Tuesday, May 4, 2010

Fried plantains, shrimp, beans, and mango salsa

I made this dinner a while ago but am just getting to posting. The problem with posting way after you make something is that you forget the details. But for this combo, it's okay cause there's not a lot of details. This is just the thing for when you want something kinda different, but that is still really quick. The plantains are the only challenging thing - and they're easier than you think. Here's a few more details on the meal than you can gather from the title, along with a recipe for the fried plantains.

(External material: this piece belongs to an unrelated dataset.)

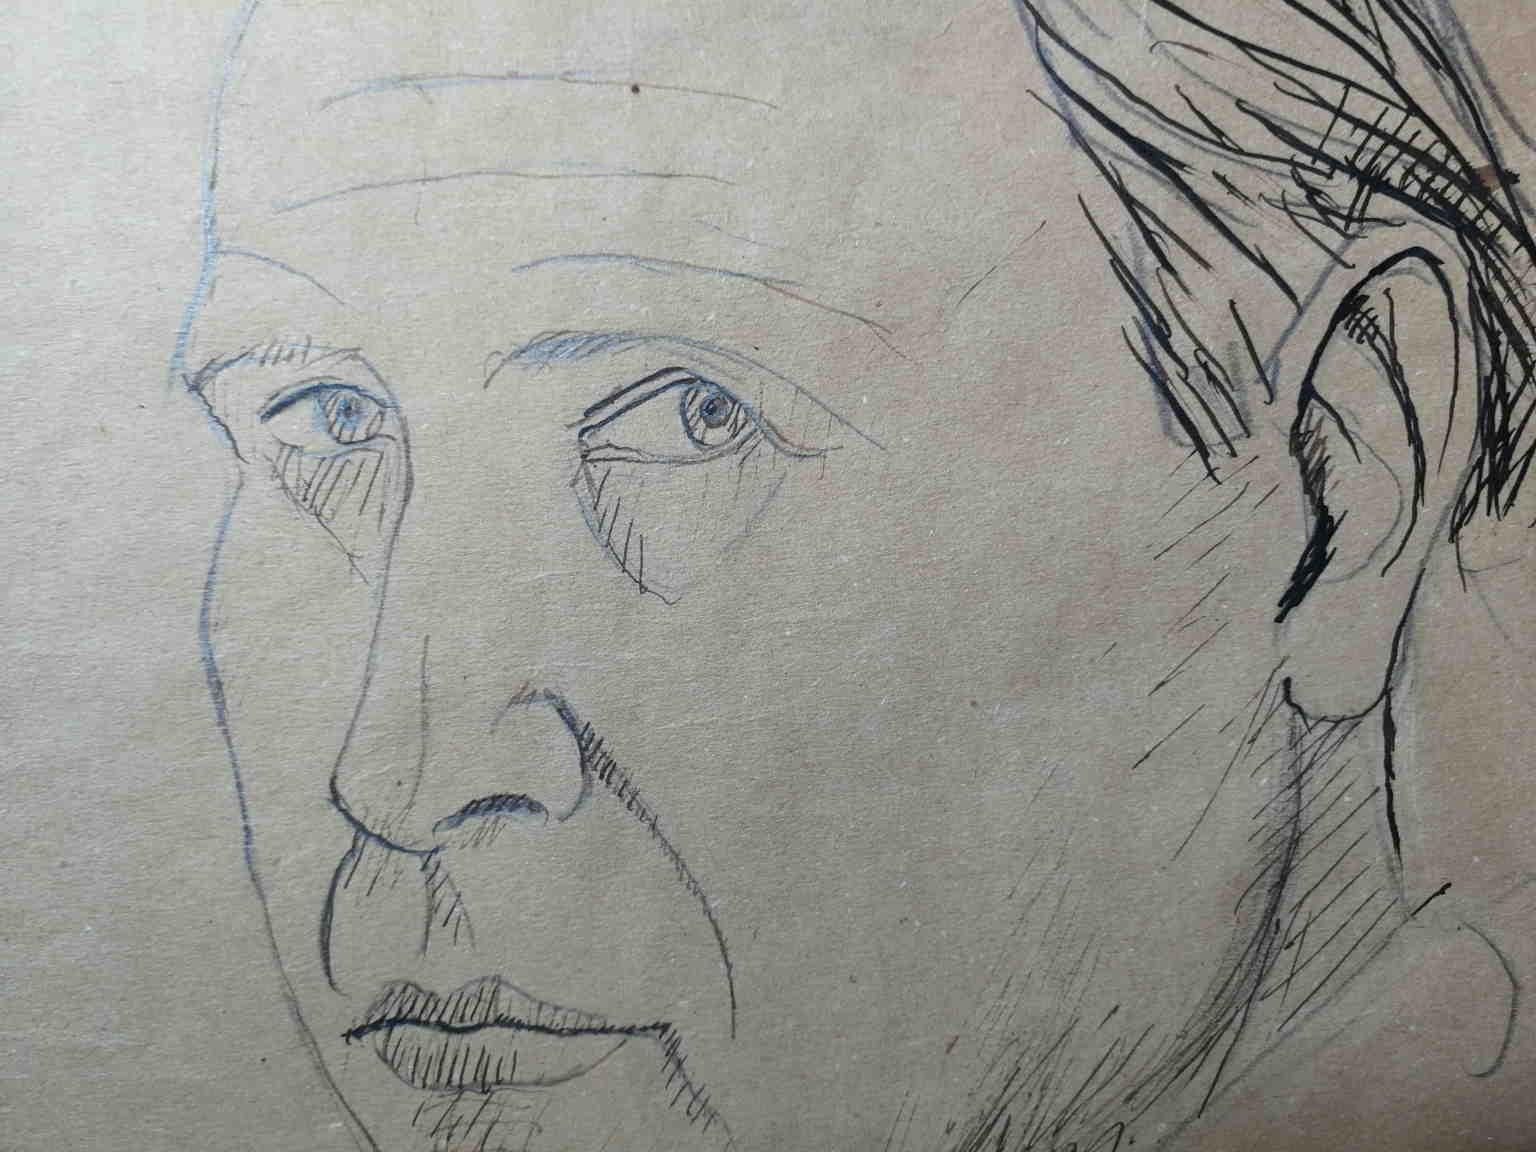 Signed Gisberto Ceracchini Self-portrait Drawing  1930s pen pencil paper

[disclaimer, I think Andy took this picture after we ate]

Dish 1: Fried plantains.
Deep frying at home can be a little intimidating, but I think it is really worthwhile every once in a while. And once you do it once, it's not intimidating. Pros to deep frying: super quick cooking method, delicious, a way better way to eat unhealthy things than drive thru fries. Cons: not so good for you, uses a lot of oil (but you can reuse it), a little tricky to get the temperature right. The only point I'll expand upon is the temperature thing - for my stove (and yours will probably be different) setting the dial right in the middle produces oil that's just about right for most applications. Fried plantains is a perfect dish to start with if you haven't fried before. Here's the recipe, it's super easy.

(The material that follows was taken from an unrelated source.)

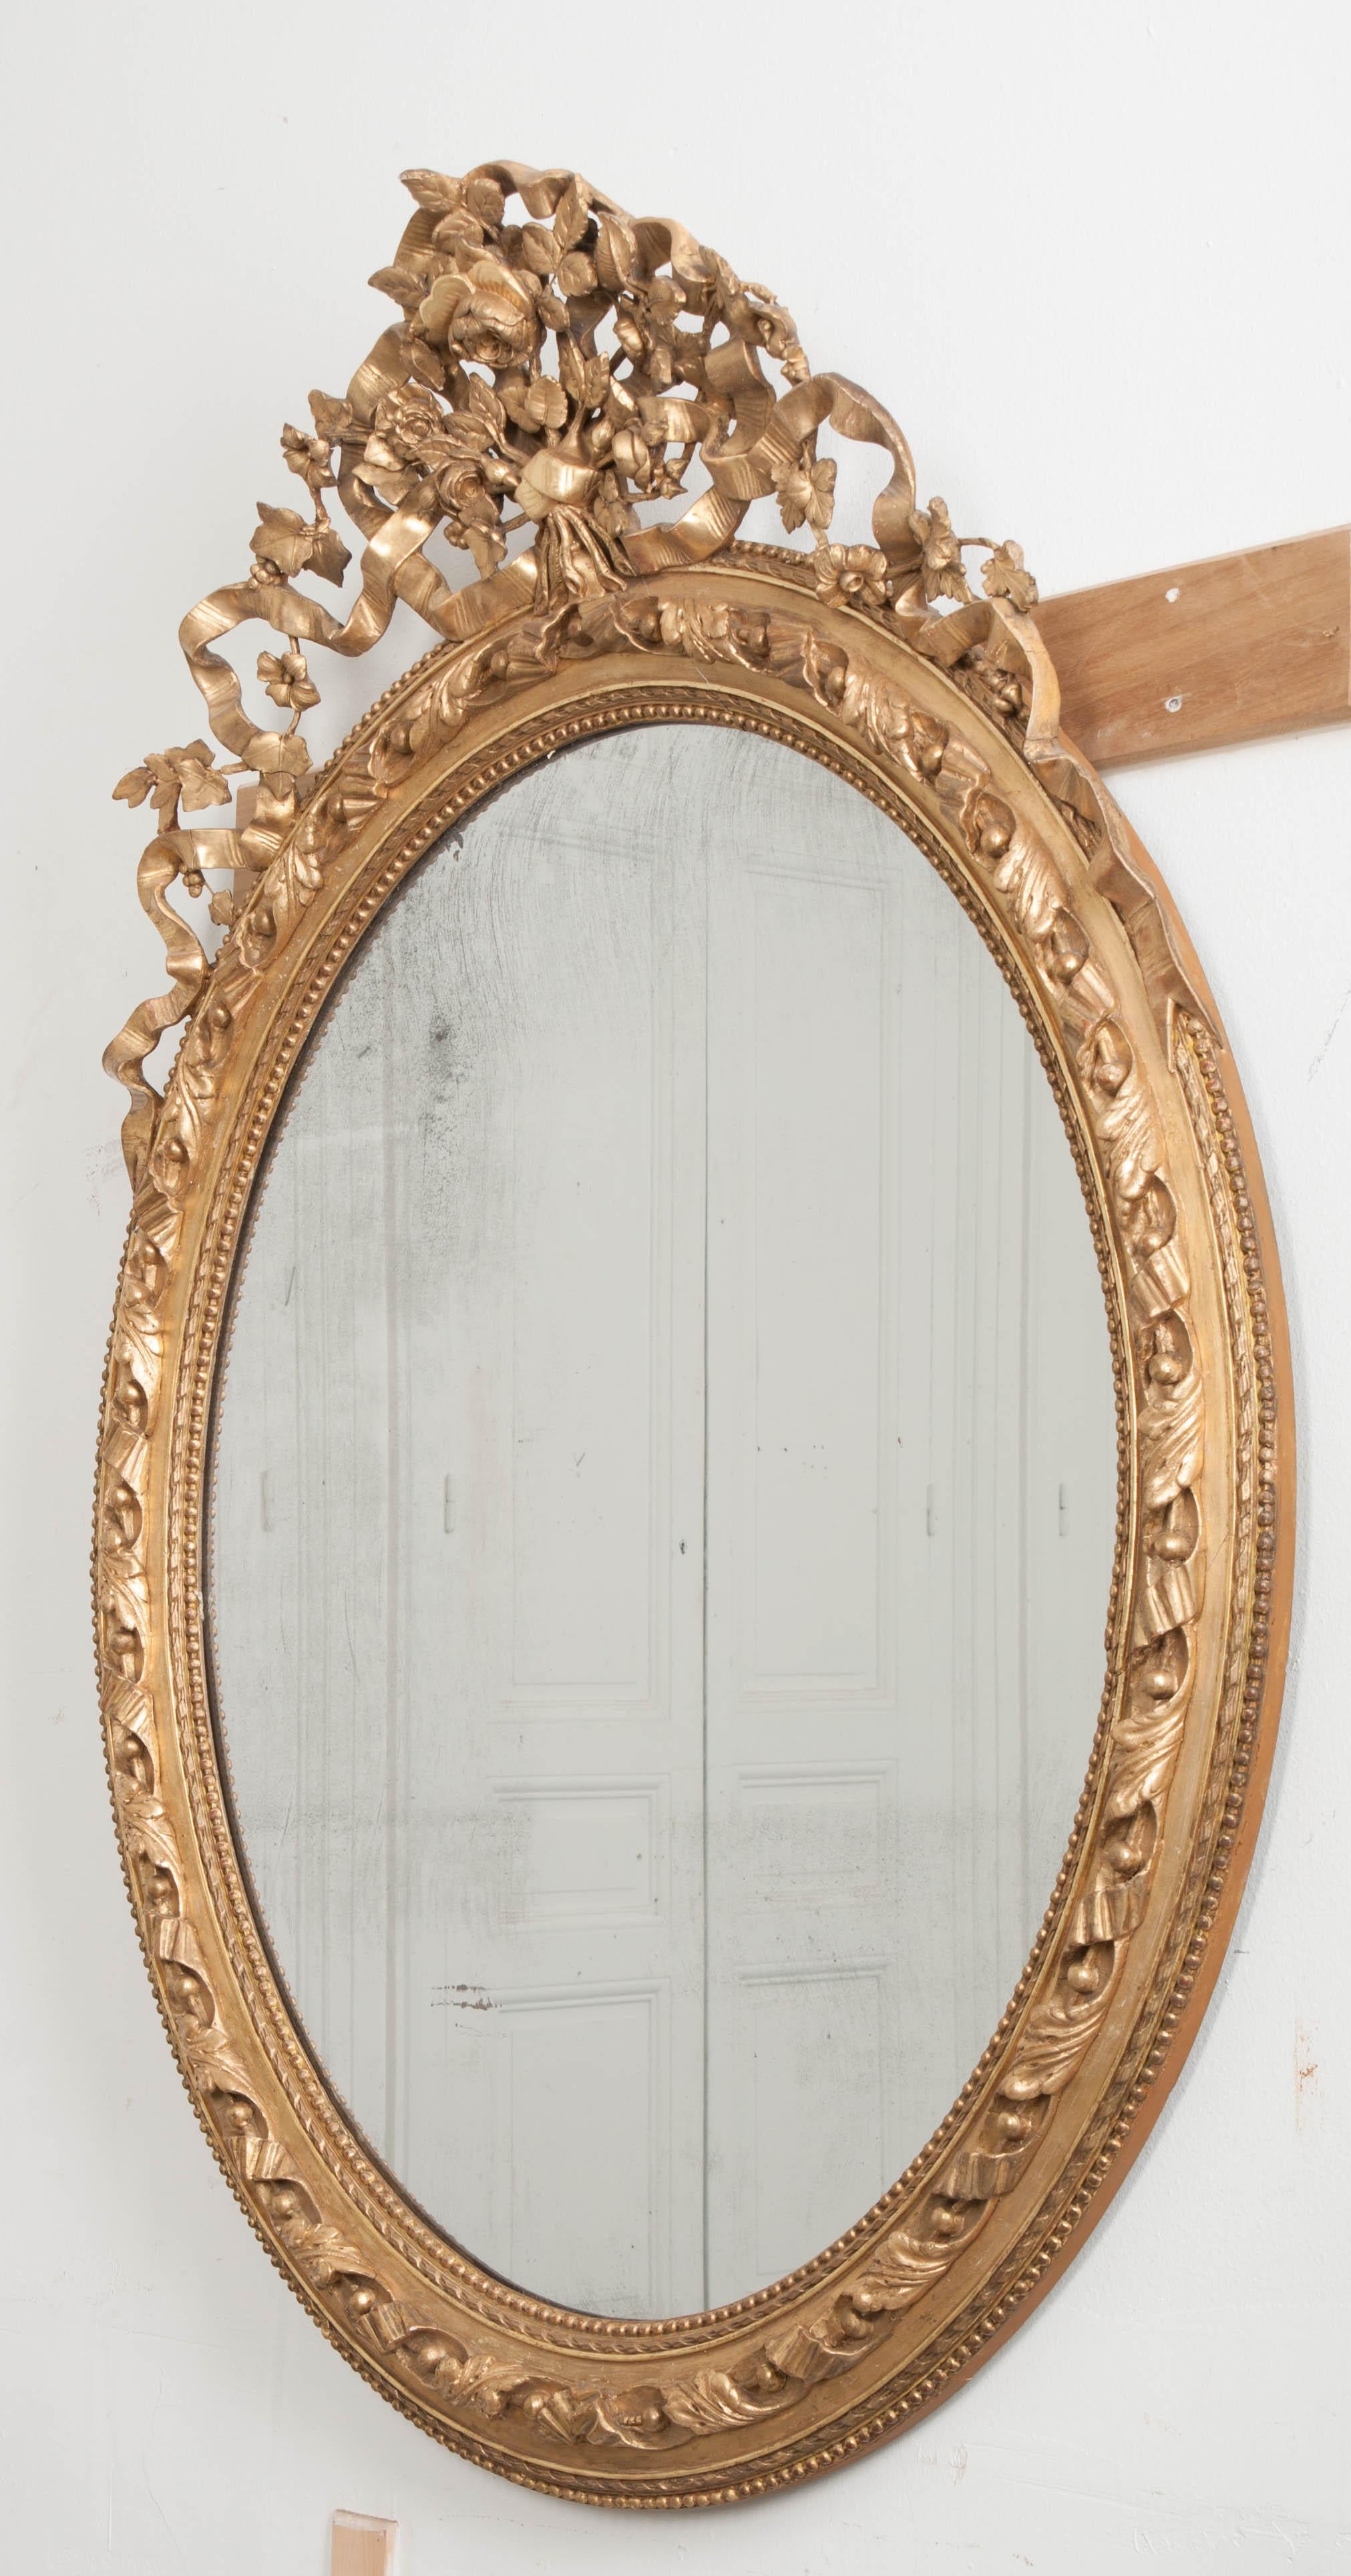 Fantaisiste et amusant, ce miroir ovale doré de style Louis XVI français du XIXe siècle présente des détails complexes et sculptés de haut en bas. Un bouquet sculpté de fleurs et de vignes couronne le miroir brillant, avec des détails de rubans

heavy, sturdy saucepan, or better yet, cast iron dutch oven
about 3 inches of vegetable or canola oil
2 green plantains - at the store you'll often have a choice of green, yellow, or brown. The only different is degree of ripeness. Green plantains are required for this recipe - they yield a starchy, not sweet, crispy side dish a little like french fries.
Kosher or sea salt

1. Heat the oil over medium to medium-high heat (about 350 degrees if you have a thermometer). Try to find the right setting so that the temperature is maintained for a while and isn't fluctuating.
2. Peel the plantains (may require a peeler, it's harder to do than a banana).
3. Slice plantains into 1.5" slices.
4. Carefully lower into hot oil and fry for 2-3 minutes, until they appear golden yellow in color.
5. Carefully remove plantains with a slotted spoon to a few paper towels to soak up some grease.
6. When cool enough to handle, use a frying pan or clean soup can to apply pressure along the axis of the plantain and smash the piece into a disc (see picture below).
7. Now, fry again! Place the smashed plantains back in the hot oil and fry for another 2 minutes or so, till they look a deeper golden (not quite brown).
8. Remove, blot, serve immediately.

Dish 2: Quick sauteed garlicky shrimp.
I don't think I have a picture of this one, and I don't really remember the exact recipe, but the idea is quite simple. Clean some shrimp - tails on or off, your preference - blot them dry with paper towel. Heat up a skillet on high heat. Add a VERY small amount of oil - I like a kind of caramelized crust on the shrimp, which you get by adherence to the pan - so dry cooking is a good thing. Toss in the shrimp, minced garlic, salt and pepper. Stir a few times, cook till opaque. It'll take just a few minutes.

Dish 3: Leftover refried bean.
I had made a batch of refried beans according to my recipe (but had different spices and stuff on hand - so instead of roasted garlic and chipotles this one had sun dried tomatoes and some other stuff, and was made with a mix of black beans and pintos) a few days earlier.

Dish 4: Mango salsa.
Again I forget the details of this one - but the idea is simple - combine some fruit (mango) with some spicy and savory stuff. The photo is jogging my memory, I think this one had some mango, green onion, jalapeno, avocado, and cilantro. And probably a squirt of lime.

Serve everything together, along with some warm corn tortillas, hot sauce, ketchup (Andy really like ketchup with the plantains. I'm not gonna lie, I do too. Especially with a little Sriracha mixed in).